For accurate and fast detection of facial landmarks, we propose a new facial landmark detection method. Previous facial landmark detection models generally perform a face detection step before landmark detection. This greatly affects landmark detection performance depending on which face detection model is used. Therefore, we propose a model that can simultaneously detect a face region and a landmark without performing the face detection step before landmark detection. The proposed single-shot detection model is based on the framework of YOLOv3, a one-stage object detection method, and the loss function and structure are altered to learn faces and landmarks at the same time. In addition, EfficientNet-B0 was utilized as the backbone network to increase processing speed and accuracy. The learned database used 300W-LP with 64 facial landmarks. The average normalized error of the proposed model was 2.32 pixels. The processing time per frame was about 15 milliseconds, and the average precision of face detection was about 99%. As a result of the evaluation, it was confirmed that the single-shot detection model has better performance and speed than the previous methods. In addition, as a result of using the COFW database, which has 29 landmarks instead of 64 to verify the proposed method, the average normalization error was 2.56 pixels, which was also confirmed to show promising performance.

1. Introduction

The technique of facial landmark detection includes locating a face in an image and obtaining a key point of the face, and many studies employing faces [1], such as facial recognition, face verification, and face 3D modeling, all rely on this process [2,3,4]. Wearable devices are becoming increasingly popular, and there are many ways to interact with other smart devices.
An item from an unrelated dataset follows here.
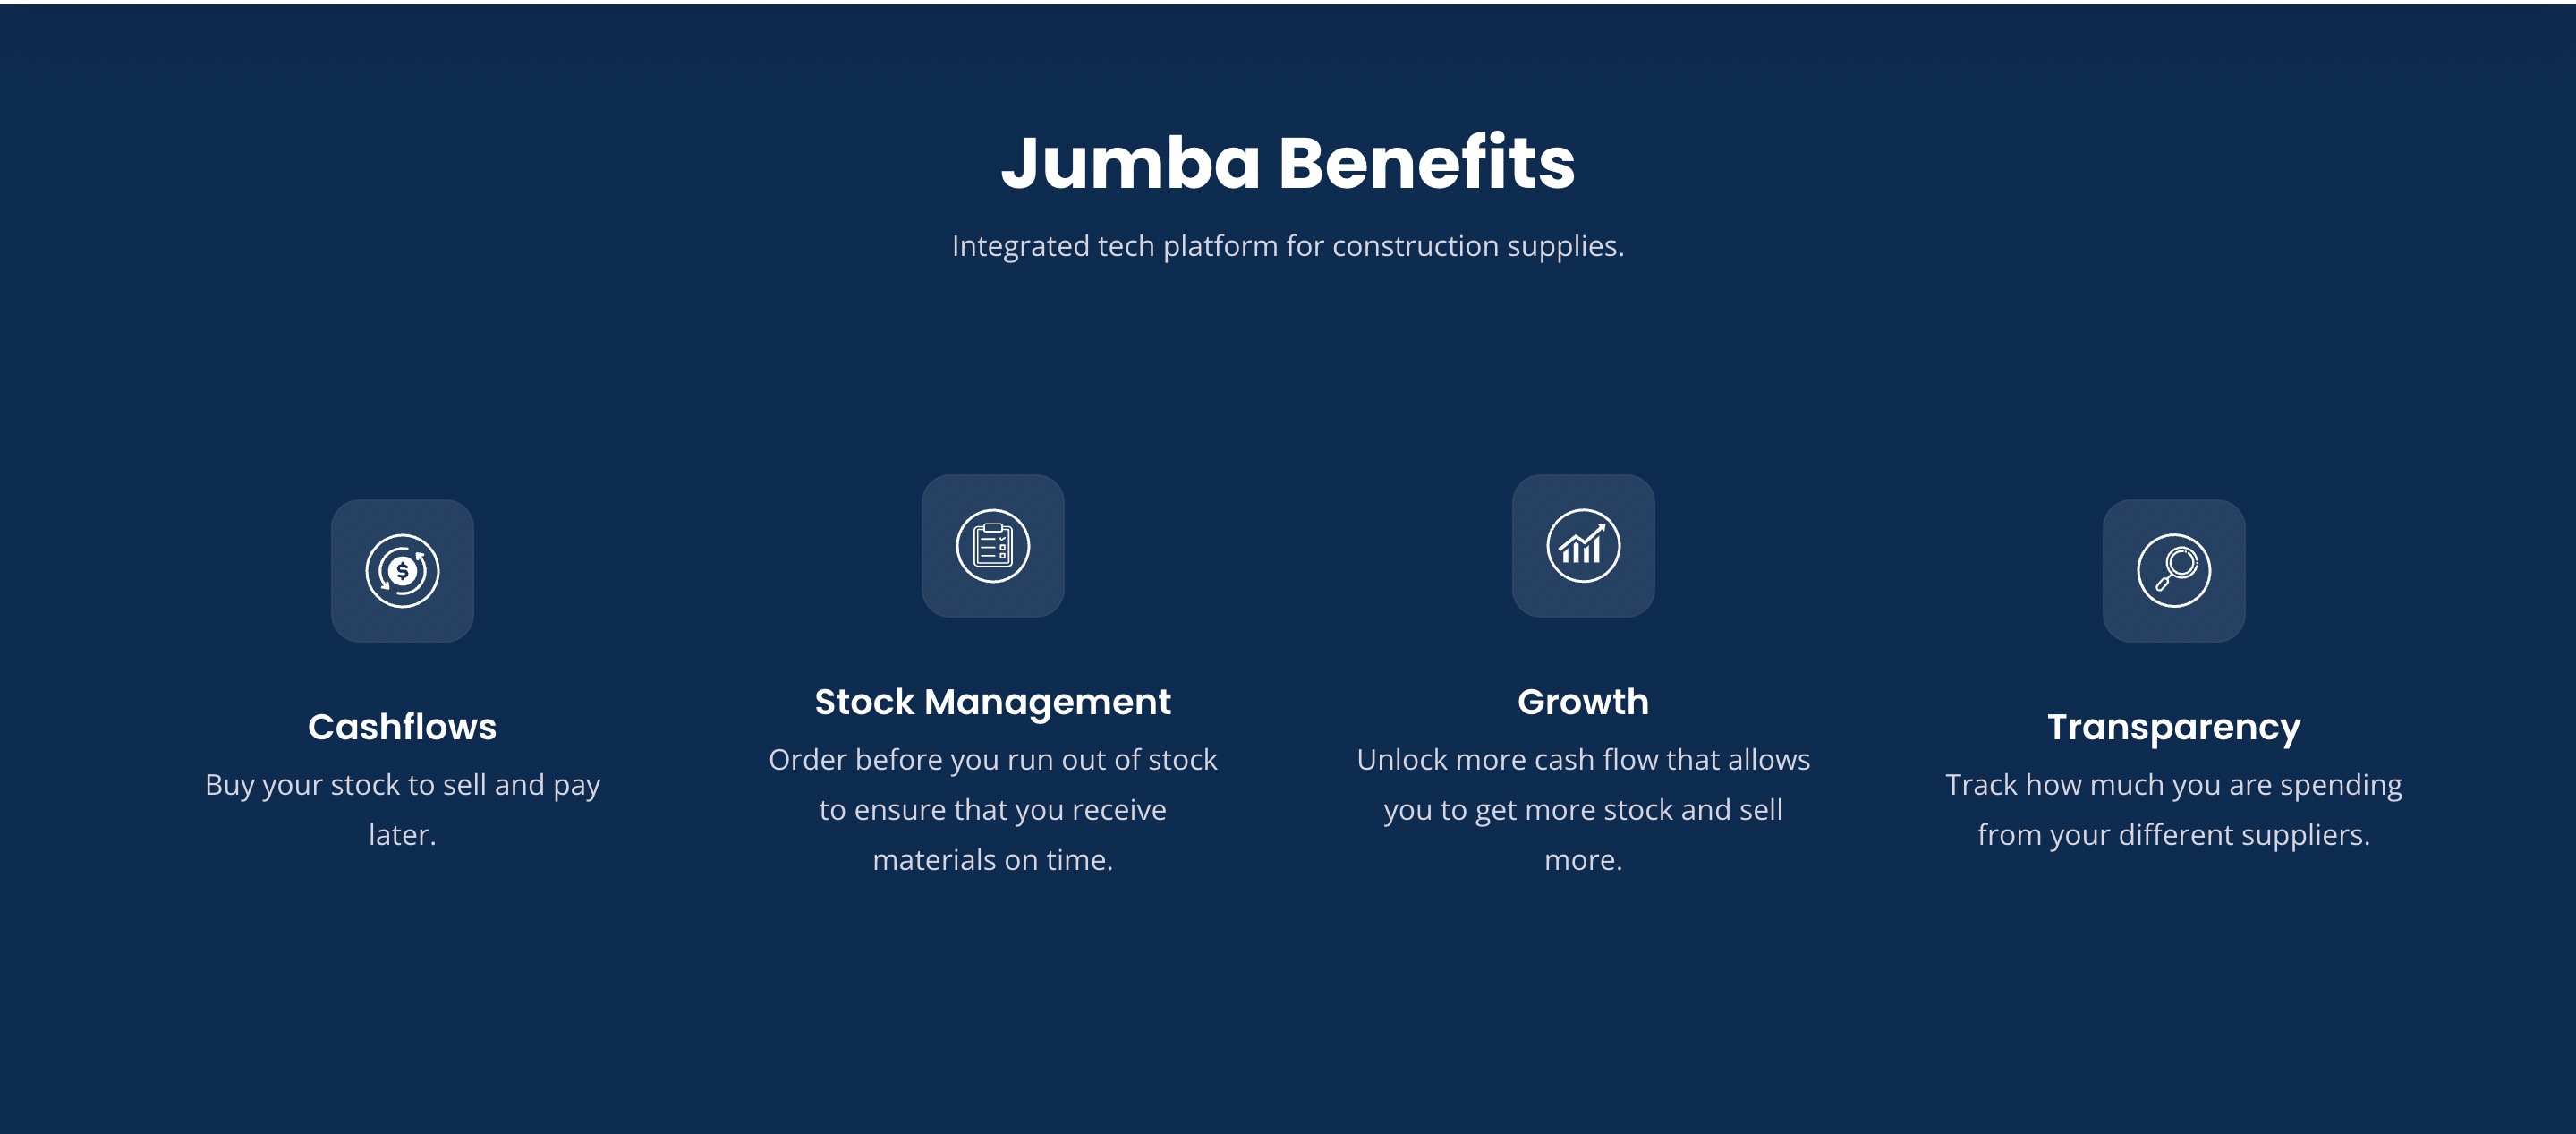 Jumba 已经筹集了 100 万美元的种子前资金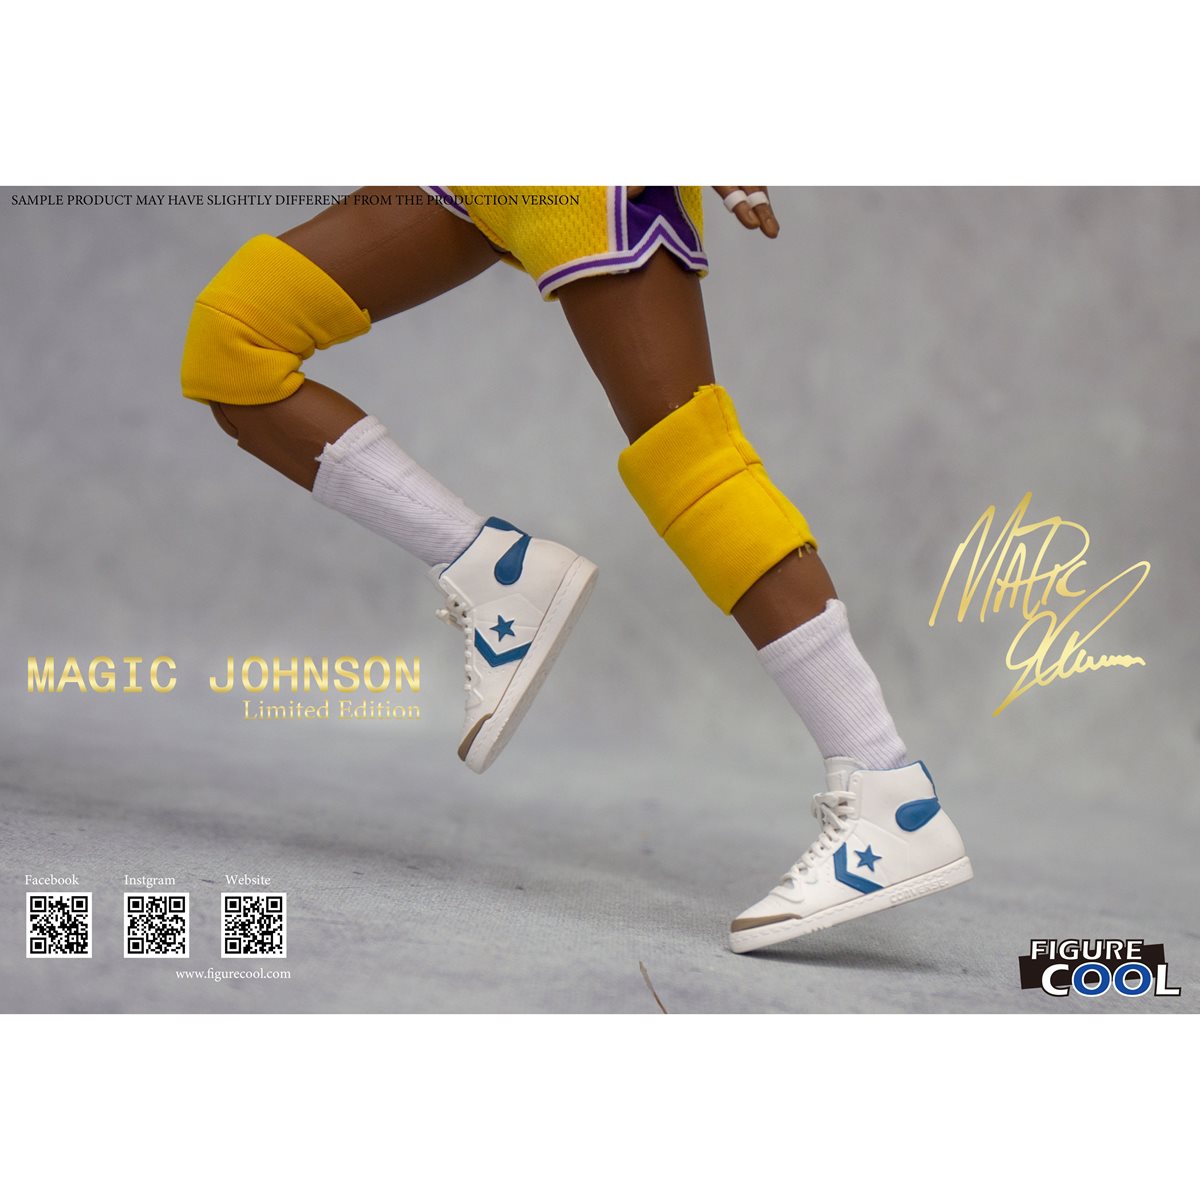 Details about   Figure Cool Magic Johnson 1980s Version 1/6 Scale Limited Edition Action Figure

A wearable device requires an IoT-based sensing technology that can measure the physiological and behavioral characteristics of users. The incorporation of biometric authentication, through face and iris, into wearable devices is being investigated [5,6]. In addition, goggle-shaped wearable devices for augmented reality (AR) experiences are equipped with a camera that shoots forward [7]. Images taken by the mounted camera can be used for various applications, such as recognizing facial expressions and face correction through face recognition of others [8,9]. Even kiosks equipped with cameras, not wearable devices, can capture the faces of various users and provide interactive and intelligent services through a natural user interface (NUI), such as in healthcare applications and eye tracking [10,11]. Thus, technologies that use face information in the fields of wearable devices and IoT applications are diverse. This necessitates the accurate detection of the facial region and automatic selection of feature points. Face detection with high accuracy is challenging in the actual world due to obstacles such as variable pose, illumination, and occlusion.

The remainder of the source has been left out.